There are also libraries for more specialized file types. For example, the Python standard library has the imghdr module that does the same thing just for image file types.

If you need dependency-free (pure Python) file type checking, see filetype.

With newer subprocess library, you can now use the following code (*nix only solution):

import subprocess
import shlex


filename = 'your_file'
cmd = shlex.split('file --mime-type {0}'.format(filename))
result = subprocess.check_output(cmd)
mime_type = result.split()[-1]
print mime_type

The Python Magic library provides the functionality you need.

You can install the library with pip install python-magic and use it as follows:

>>> import magic


>>> magic.from_file('iceland.jpg')
'JPEG image data, JFIF standard 1.01'


>>> magic.from_file('iceland.jpg', mime=True)
'image/jpeg'


>>> magic.from_file('greenland.png')
'PNG image data, 600 x 1000, 8-bit colormap, non-interlaced'


>>> magic.from_file('greenland.png', mime=True)
'image/png'

The Python code in this case is calling to libmagic beneath the hood, which is the same library used by the *NIX file command. Thus, this does the same thing as the subprocess/shell-based answers, but without that overhead.

In the case of images, you can use the imghdr module.

>>> import imghdr
>>> imghdr.what('8e5d7e9d873e2a9db0e31f9dfc11cf47')  # You can pass a file name or a file object as first param. See doc for optional 2nd param.
'png'

Python 2 imghdr doc
Python 3 imghdr doc

You can also install the official file binding for Python, a library called file-magic (it does not use ctypes, like python-magic).

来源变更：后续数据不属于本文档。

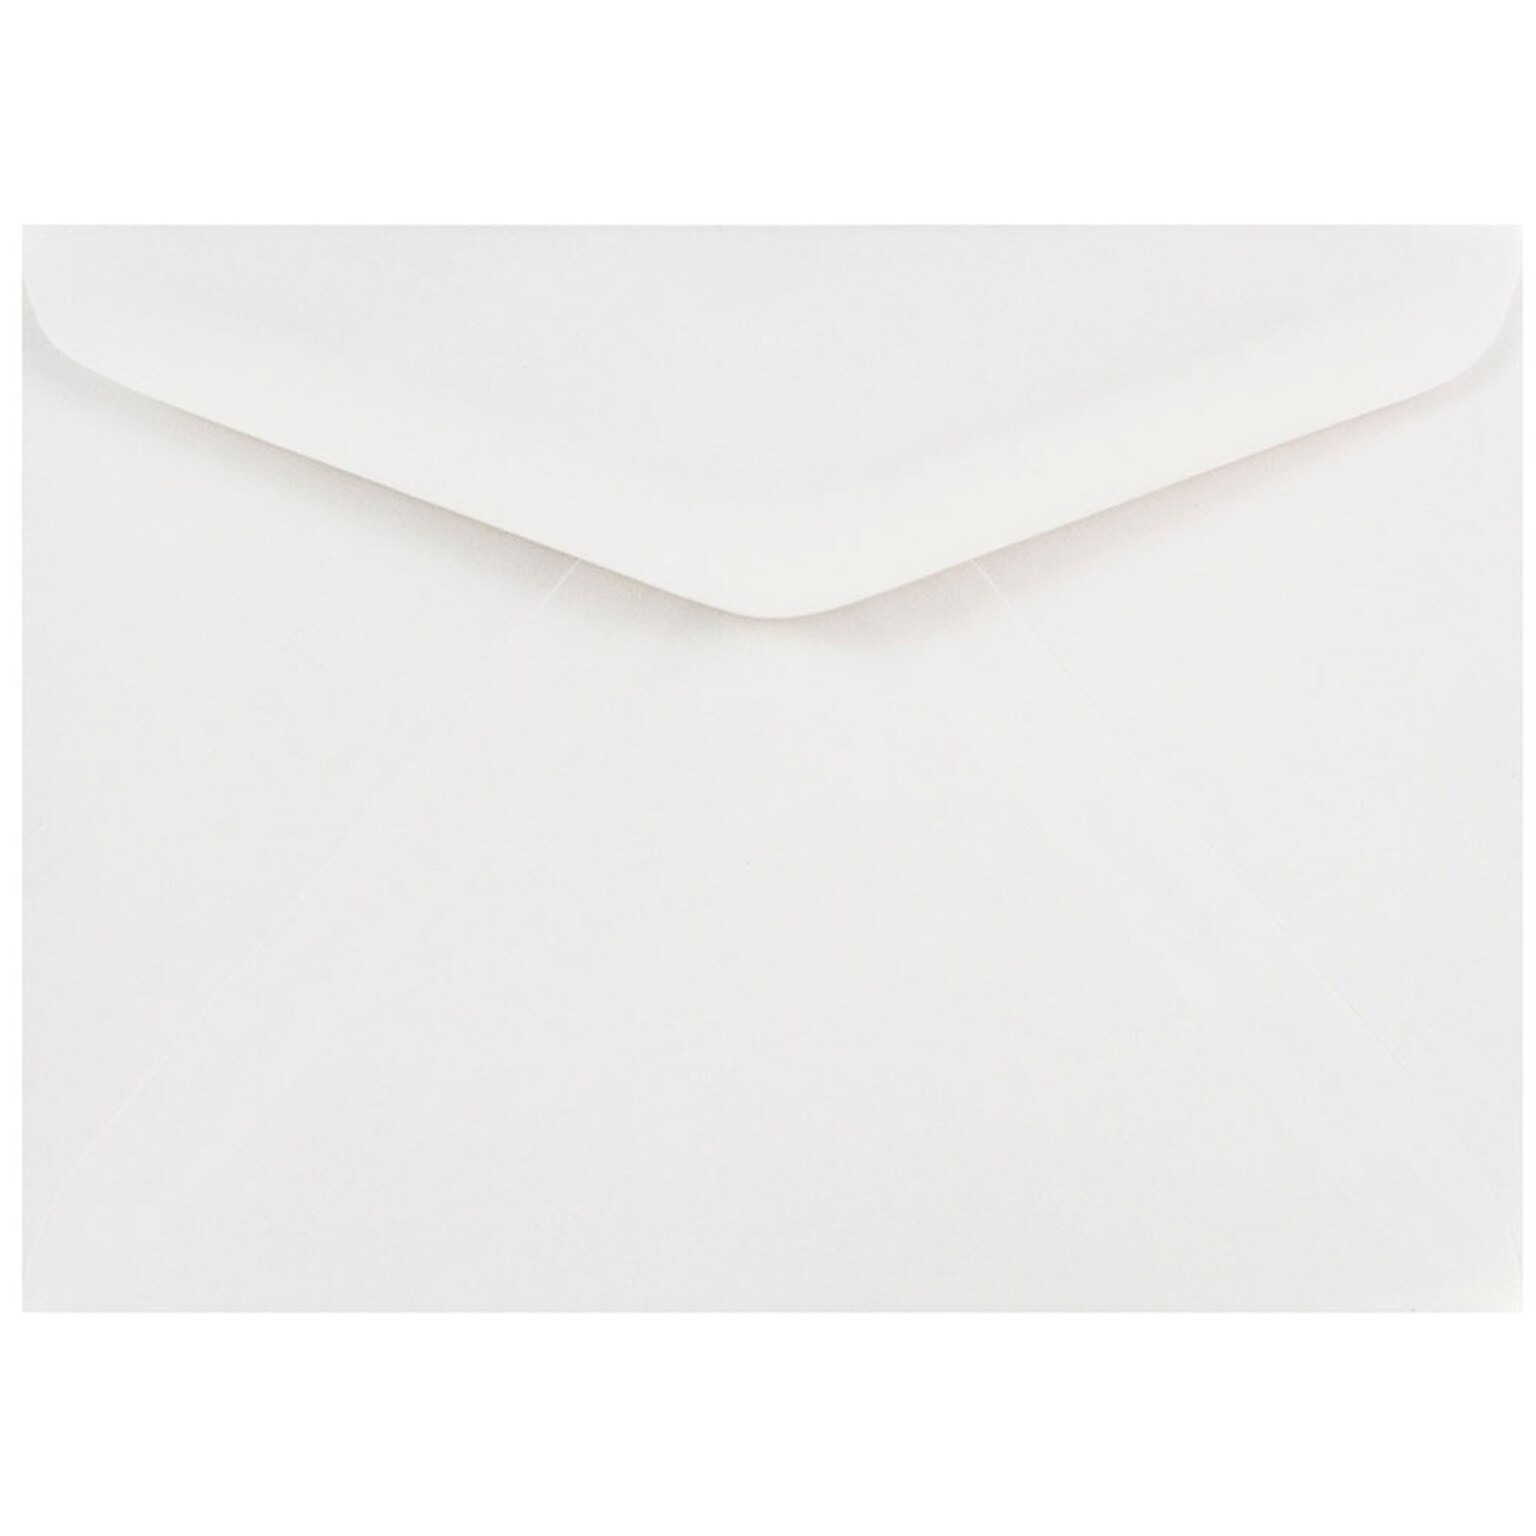 JAM Paper A7 Invitation Envelopes with V-Flap, 5.25 x 7.25, White, 25/Pack (4023210)

It's available on PyPI as file-magic and on Debian as python-magic. For me this library is the best to use since it's available on PyPI and on Debian (and probably other distributions), making the process of deploying your software easier. I've blogged about how to use it, also.

Only works for Linux but Using the "sh" python module you can simply call any shell command

https://pypi.org/project/sh/

pip install sh

import sh

sh.file("/root/file")

Output: /root/file: ASCII text

also you can use this code (pure python by 3 byte of header file):

full_path = os.path.join(MEDIA_ROOT, pathfile)


try:
image_data = open(full_path, "rb").read()
except IOError:
return "Incorrect Request :( !!!"


header_byte = image_data[0:3].encode("hex").lower()


if header_byte == '474946':
return "image/gif"
elif header_byte == '89504e':
return "image/png"
elif header_byte == 'ffd8ff':
return "image/jpeg"
else:
return "binary file"

without any package install [and update version]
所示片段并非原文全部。